Fiel a su estilo, el director vuelve a explorar los entresijos de la soledad, del cuerpo y de las emociones más íntimas del ser humano, a través de un metraje pausado y contemplativo, que nos hace sentir la densidad del tiempo y de un día. Con una predominancia en su bella fotografía de tonos azules vivos y fríos, que se mezclan con el verde de la naturaleza o el cálido colorido de las luces, logrando un constante contraste entre el espacio y la esencia de sus personajes y sus entornos.
Es de esas películas en la que se habla poco pero dicen mucho. Al inicio del filme hay un anuncio que dice que los subtítulos son innecesarios y no aparecerán por indicación del director, y nos prepara para lo que sigue. Es como un anuncio al abandono o a la entrega completa a la pantalla, y un llamado a la atención para los sentidos.
Lo que sigue, serán los silencios, los susurros, el sonido del agua, del viento, de los objetos, la interacción, el roce y el ruido de los pensamientos que se logran asomar en las miradas y los gestos de los personajes, y de la misma atmósfera. El director vuelve a contar con su fiel actor Lee Kang- Sheng, quien se vuelve a entregar a la experiencia y al espectador, que tiene acceso a su intimidad y a la de su joven compañero de reparto.

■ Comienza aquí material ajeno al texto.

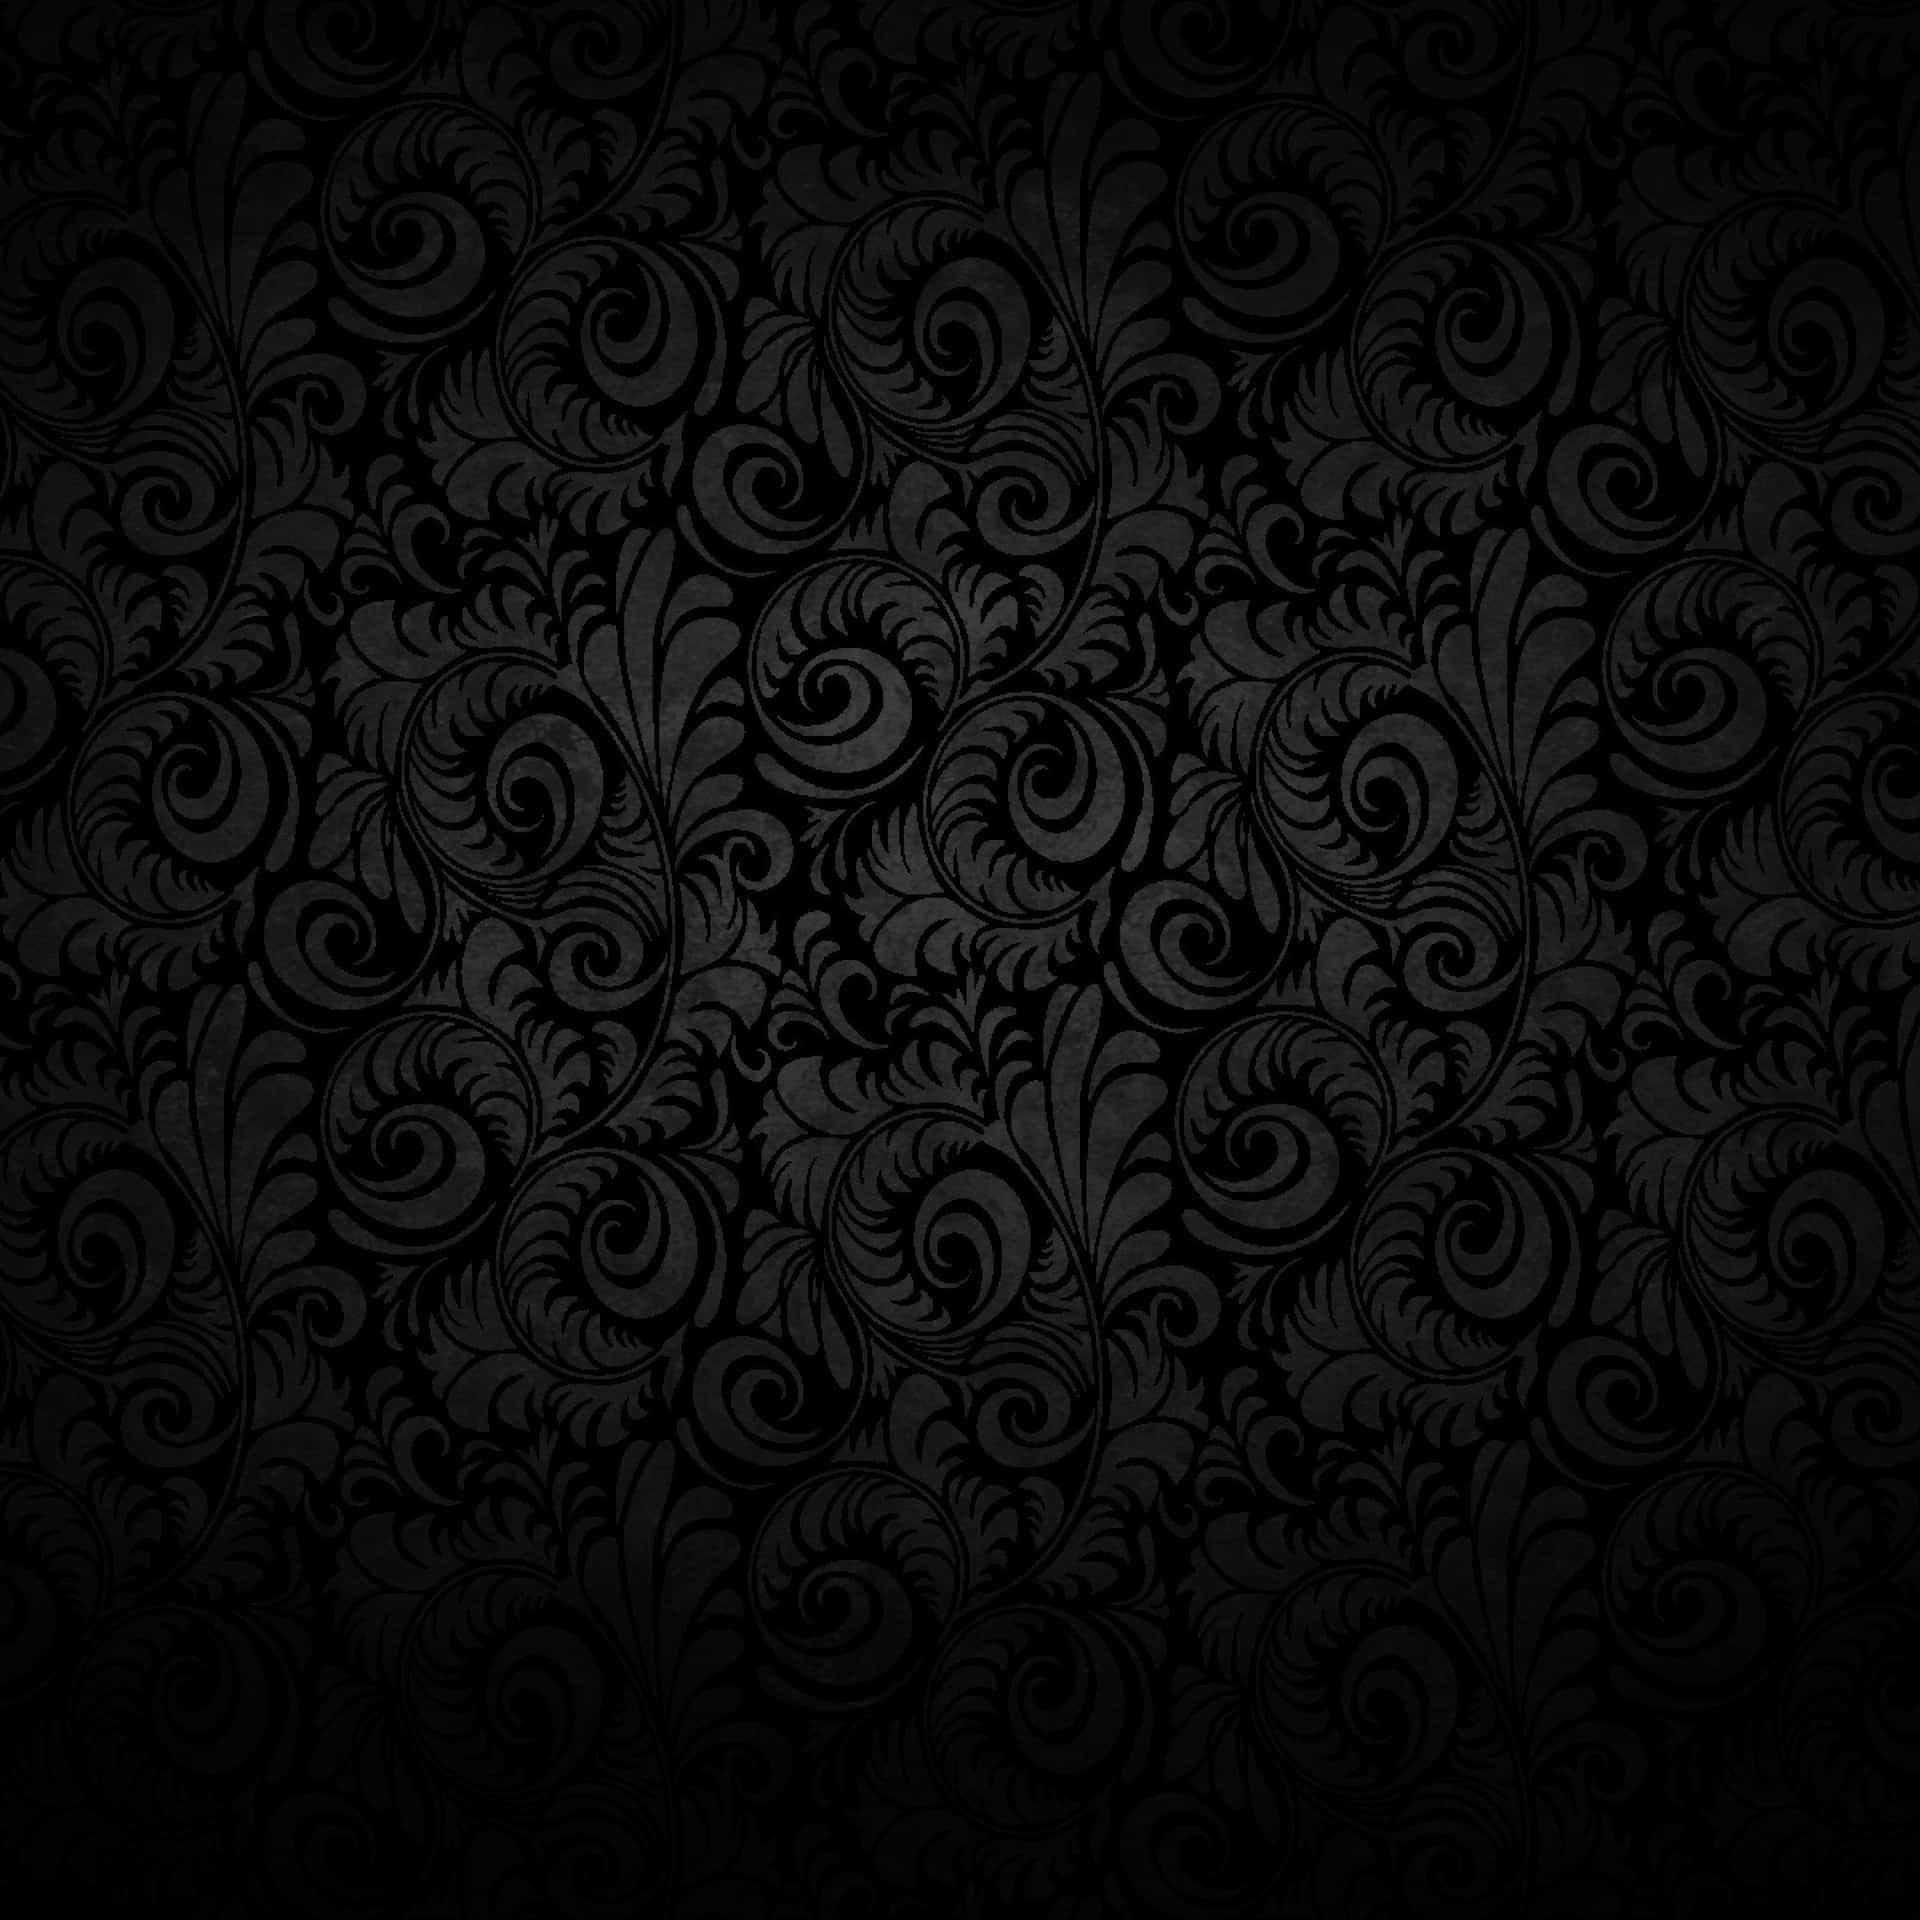 Black Ipad With Spiral Abstract Patterns Wallpaper

Hay fragmentos de cotidianidad y rituales, de oficios, de objetos, de acciones, de espacios (muy bien capturados desde distintos ángulos para ampliar la perspectiva) y de la materia de emociones de cada día: el dolor, la tristeza, la ternura, el deseo, la espera, el tiempo y el infalible amor. Una maravilla que invita al espectador con cierta delicadeza a perderse en ella, y el que lo logre será muy bien recompensado. Y a estar muy atentos, porque aunque no se menciona ninguna palabra que escuchemos o entendamos, hay muchas pistas sutiles que logran dibujar una de las historias de soledad y amor más bellas y sentidas de los últimos años.